Ночью я опять не спала. Лежала и слушала, как Леша ходит по комнате. Раньше в такие моменты я заходила к нему, садилась на край кровати, гладила по голове. Он прижимался ко мне и рассказывал о своих страхах. Боялся темноты, боялся, что я умру, боялся остаться один.
Теперь он меня ненавидит. И я не знаю, как это исправить.
Под утро задремала. Снился сон — Леше пять лет, он бежит ко мне с рисунком. «Мамочка, смотри, я тебя нарисовал! Ты самая красивая!» А я подхватываю его на руки, кружу, целую в макушку. И мы смеемся, заливисто, счастливо.
Проснулась от грохота. Вскочила, выбежала в коридор. Леша стоял возле разбитой вазы.
— Случайно, — буркнул он, но в глазах не было ни капли сожаления.
Я молча взяла веник и совок. Эту вазу подарила мне мама на свадьбу. Семейная реликвия. Леша знал, как она мне дорога.
— Мам… — начал он и осекся.
Я подняла глаза. Впервые за последние месяцы в его взгляде мелькнуло что-то похожее на раскаяние. Но тут же исчезло, сменившись привычной злостью.
— Сама виновата, нечего барахло всякое в коридоре ставить.
Он ушел, оставив меня наедине с осколками. Я собирала их, и каждый кусочек словно резал сердце.
В школу Леша ушел, не попрощавшись. Я позвонила на работу, отпросилась. Не могла заставить себя надеть маску благополучия и улыбаться коллегам.
Сидела на кухне, пила уже третью чашку кофе и думала. Может, правда отпустить его к отцу? Пусть Игорь попробует справиться с сыном. Посмотрю я, как его молодая женушка будет терпеть подростковые выходки.
Но сердце сжималось от одной мысли. Отдать сына? Признать поражение? Сдаться?
Телефон зазвонил. Классная руководительница.
— Здравствуйте, можете подъехать в школу? Алексей подрался.
— Что случилось? Он цел?
— Да, но разговор нужен серьезный. Он сломал однокласснику нос.
В школу я летела на автопилоте. В голове крутилась одна мысль — только бы с ним все было хорошо. Пусть кричит, пусть обвиняет, только бы был здоров.
Леша сидел в кабинете директора. Рубашка порвана, костяшки разбиты, на скуле наливается синяк. Увидев меня, отвернулся.

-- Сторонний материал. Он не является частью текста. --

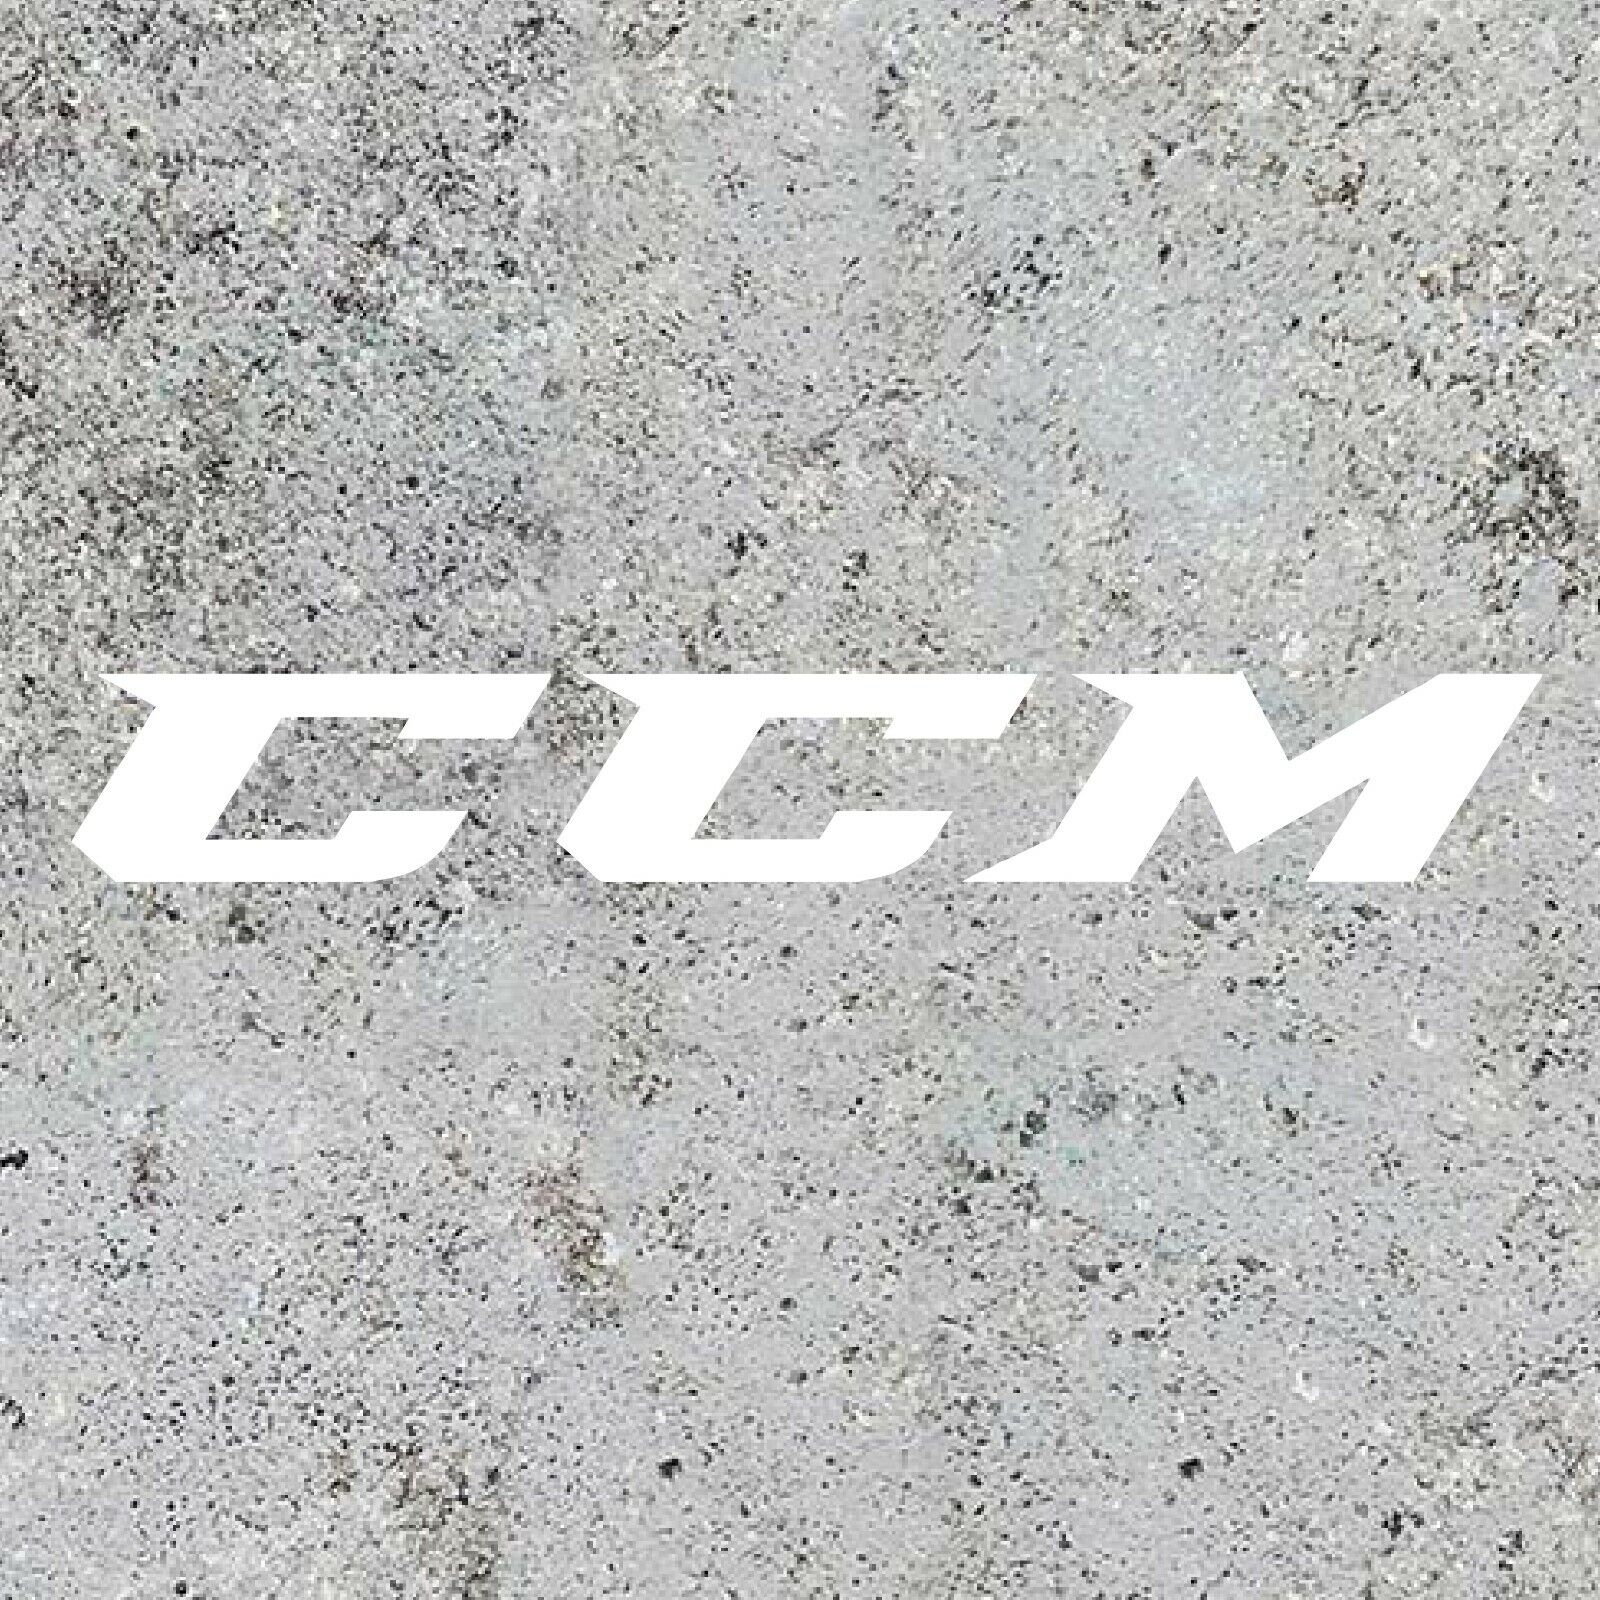 CCM Hockey Decal. ASSORTED SIZE AND COLOR Options. High Quality Vinyl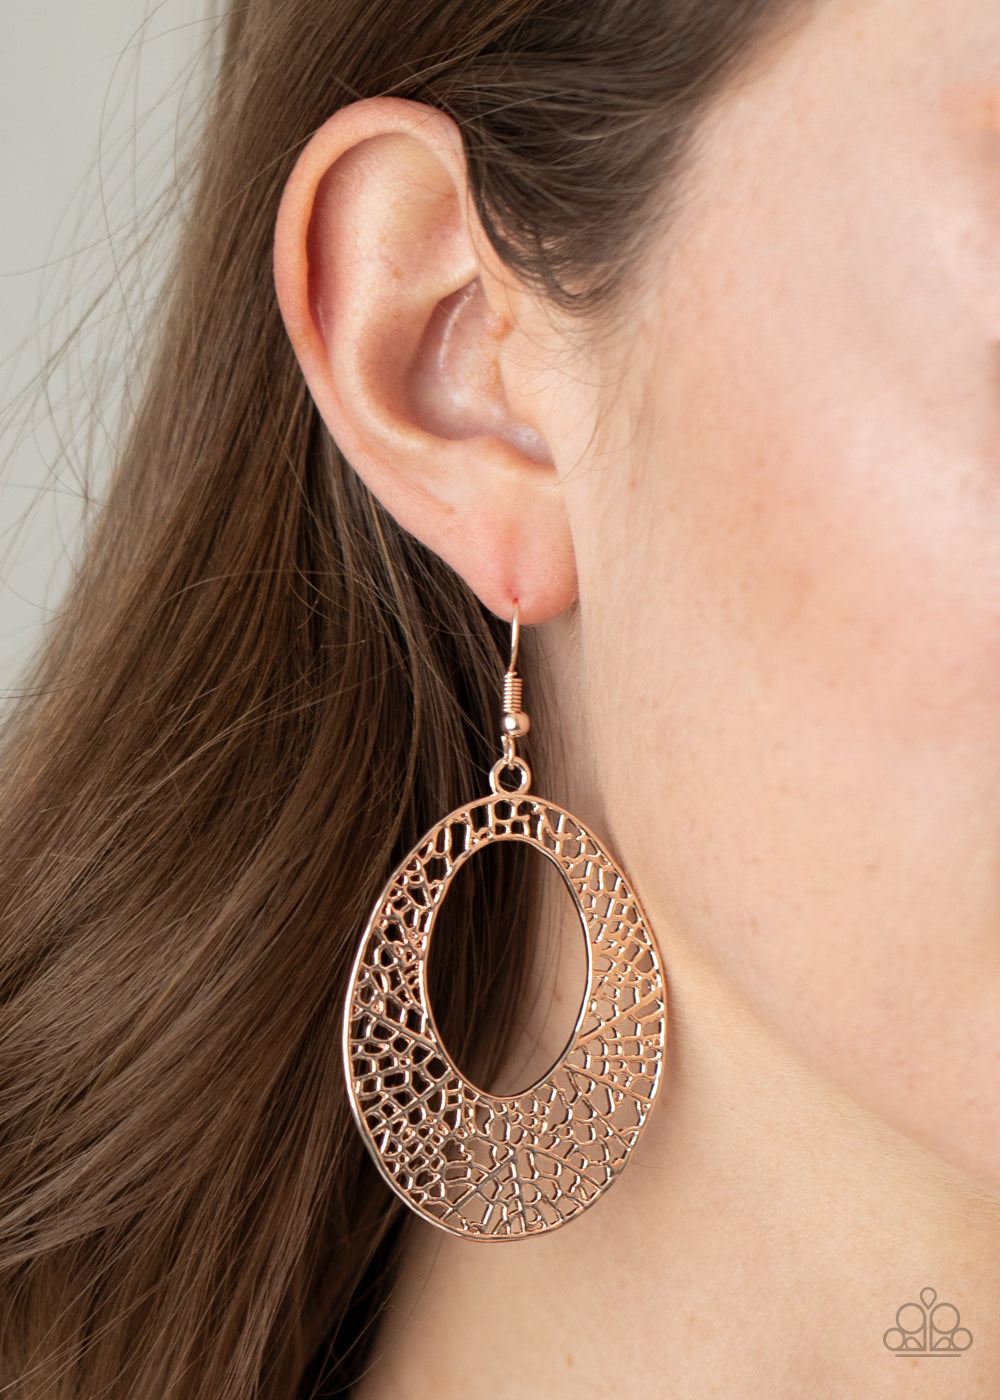 Paparazzi Earrings - Serenely Shattered - Rose Gold

— Ваш сын напал на Максима Петрова без причины, — строго сказала директор. — Мальчик в травмпункте, родители грозятся написать заявление в полицию.
— Он сам лез! — взорвался Леша. — Сказал, что…
Он осекся и снова отвернулся.
— Что он сказал? — спросила я.
— Неважно.
— Максим утверждает, что просто спросил Алексея о домашнем задании, — вмешалась классная. — А тот набросился с кулаками.
Я знала — врет. Леша многое мог, но просто так драться не стал бы. Что-то произошло. Что-то, что задело его за живое.
Домой ехали молча. Я вела машину, Леша сидел, уткнувшись в телефон. Только дома, когда я достала аптечку, он заговорил:
— Он сказал, что мой отец съехал, потому что ты блудная. Что у тебя кто-то был.
Руки задрожали, йод пролился на стол.
— И ты поверил?
— А что мне верить? Ты ничего не рассказываешь! Отец тоже молчит! Все делают вид, что ничего не произошло!
Я села напротив него, взяла его лицо в ладони. Он попытался отвернуться, но я держала крепко.
— Слушай меня внимательно. У меня никого не было. Никогда. Твой отец ушел, потому что влюбился в другую женщину. Они встречались полгода, пока мы еще жили вместе. Я узнала случайно — увидела переписку в его телефоне. Вот и вся правда.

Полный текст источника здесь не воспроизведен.